Впереди наши спутники, Джон Сазерленд и его жена Сильвия, съехали на стоянку
для пикников. Пора размяться. Я подкатываю к ним свою машину, Сильвия снимает
шлем и встряхивает волосами, а Джон ставит БМВ на подножку. Никто ничего не
говорит. Вместе мы проехали уже столько, что с одного взгляда знаем, как себя
чувствует другой. Вот и сейчас мы просто спокойно осматриваемся.
В это время на скамейках еще никого нет. Мы хозяева всей стоянки. Джон
шагает по траве к чугунной колонке и начинает качать воду. Крис бредет к
маленькому ручейку среди деревьев за бугорком, покрытым травой. Я просто гляжу
по сторонам.
Через некоторое время Сильвия садится на деревянную лавку и разминает ноги,
поочередно задирая их и опустив голову. Она всегда мрачнеет в долгих паузах, и я
ей что-то замечаю по этому поводу. Она поднимает на меня глаза, потом снова
опускает их к земле.
-- Все дело в людях и в машинах на той дороге, -- говорит она. -- Первый
мужчина был таким грустным. Следующий -- точно такой же, за ним еще один, и еще:
все они одинаковы.
-- Они просто ехали на работу.
Сильвия все отлично понимает, но ничего надуманного в ее словах нет.
-- Понимаешь, работа, -- повторяю я. -- В понедельник утром.
Полусонные. Кто в понедельник утром ездит на работу, улыбаясь?
-- Дело просто в том, что они на вид все такие потерянные, -- говорит
она. -- Будто умерли. Как похоронная процессия.

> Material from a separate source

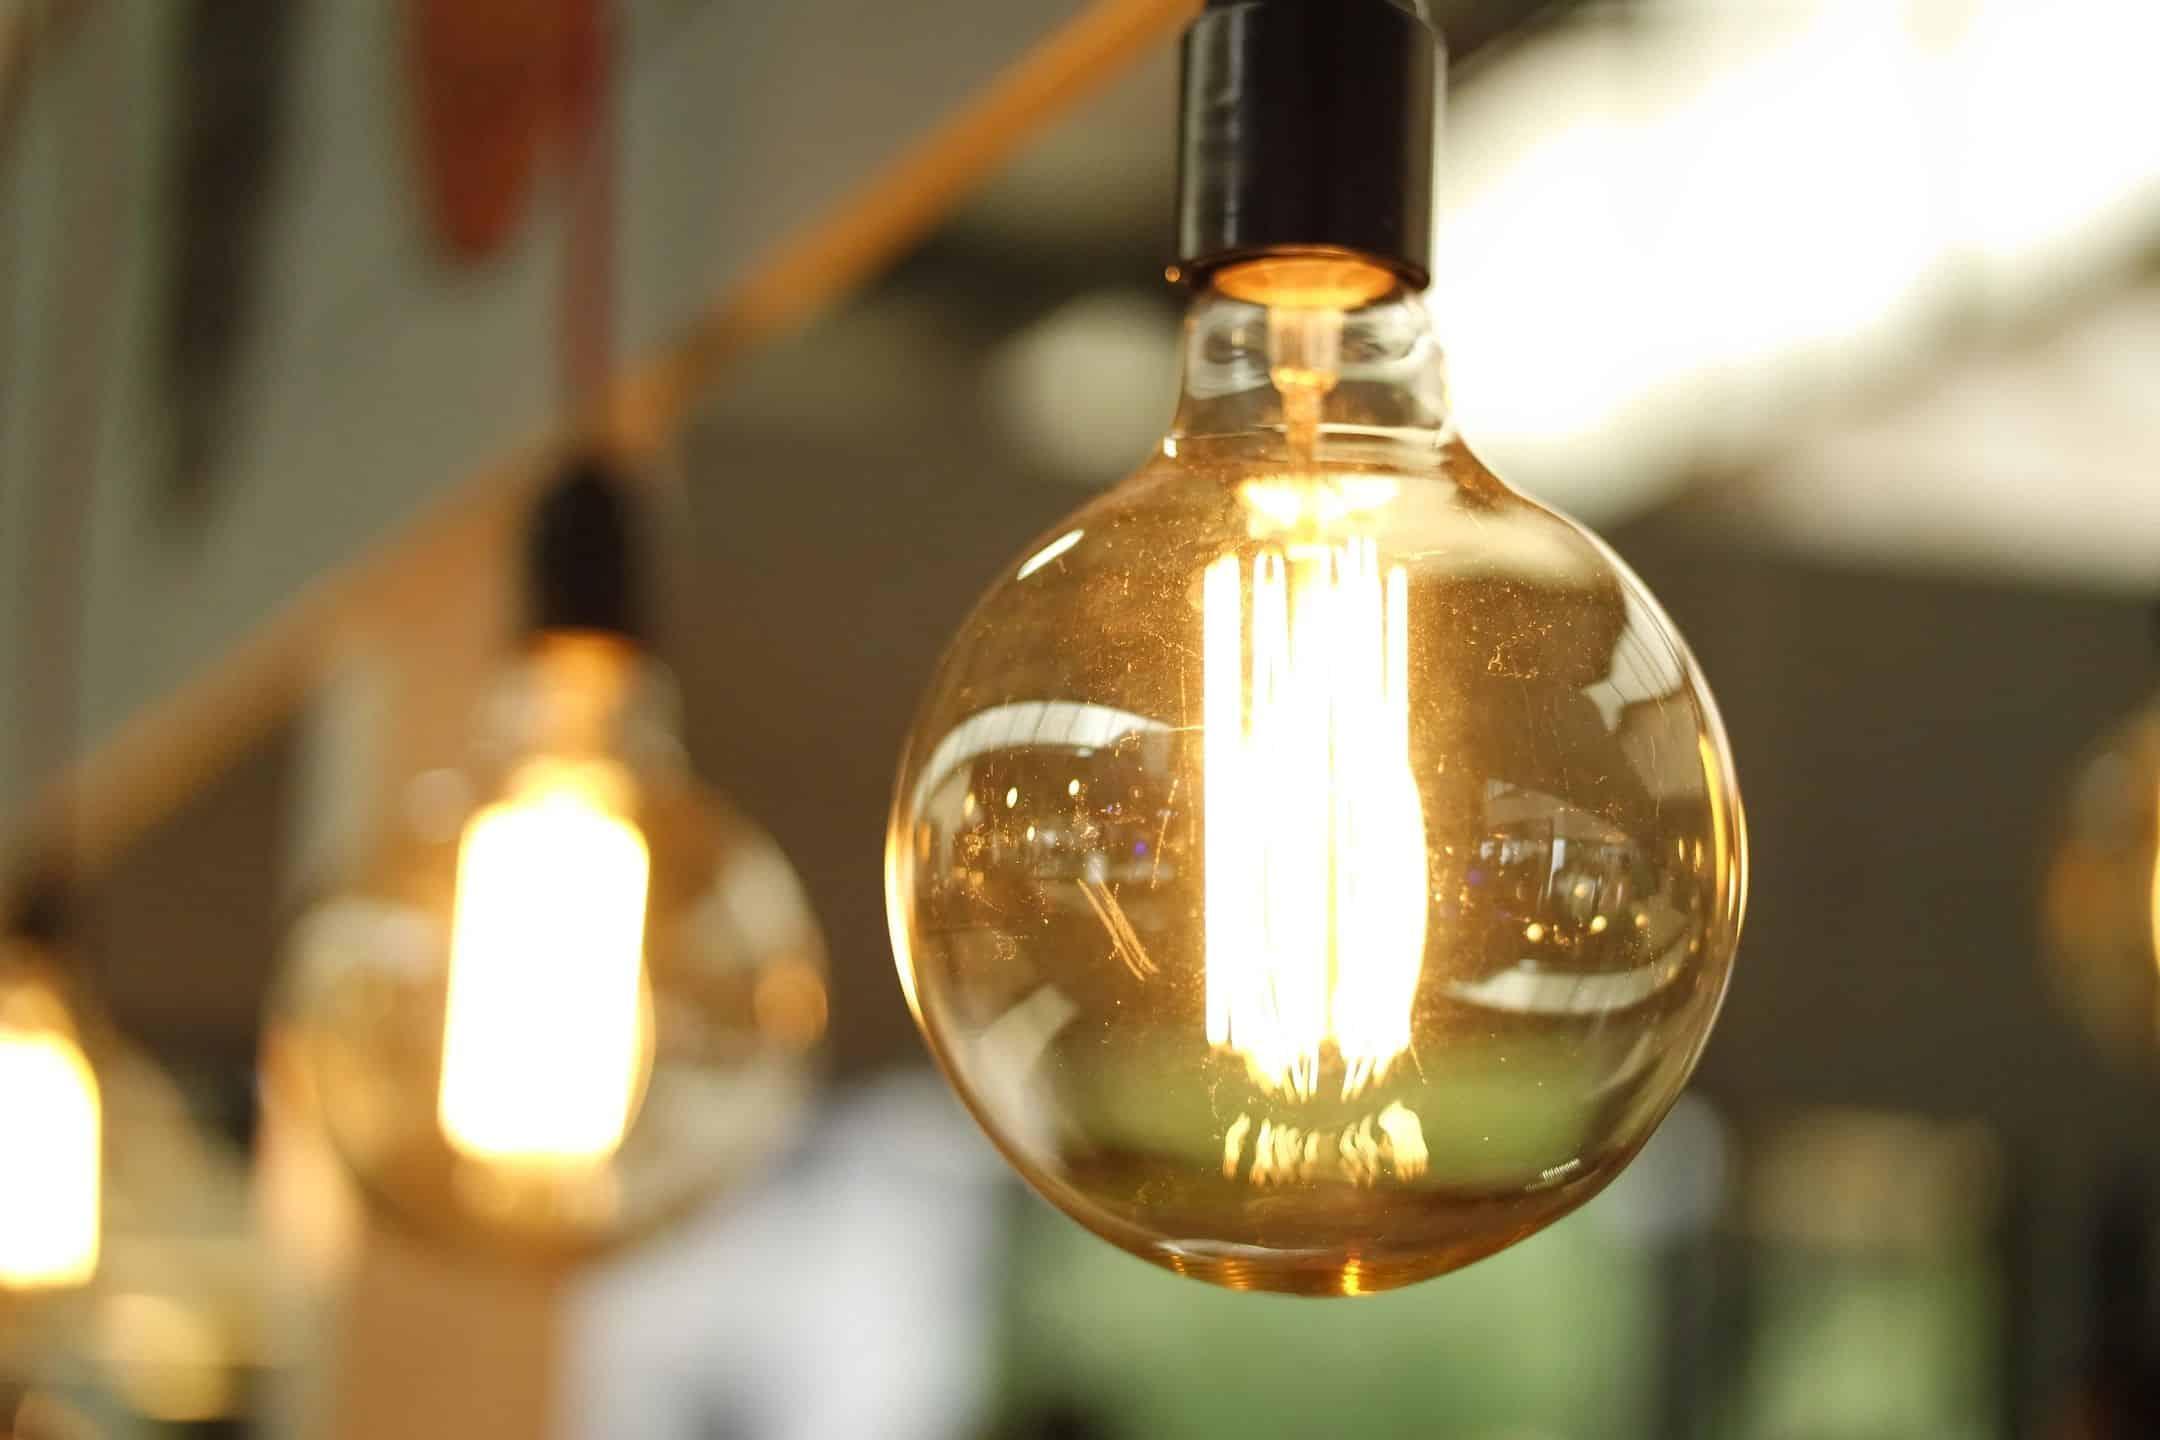 residential electrician in Spokane and Coeur d' Alene

Она опускает ноги на землю.
Я понимаю, что она имеет в виду, но логически это ни к чему не приведет.
Работаешь, чтобы жить, и как раз этим они занимаются.
-- Я смотрел на болота, -- говорю я.
Немного погодя она поднимает голову и спрашивает:
-- Что видел?
-- Целую стаю краснокрылых дроздов. Они все вдруг взлетели, когда мы
проезжали.
-- А-а.
-- Я обрадовался, когда снова их увидел. Они связывают все друг с другом,
мысли и прочее. Понимаешь?
Она задумывается, а потом улыбается. За нею -- темно-зеленые деревья.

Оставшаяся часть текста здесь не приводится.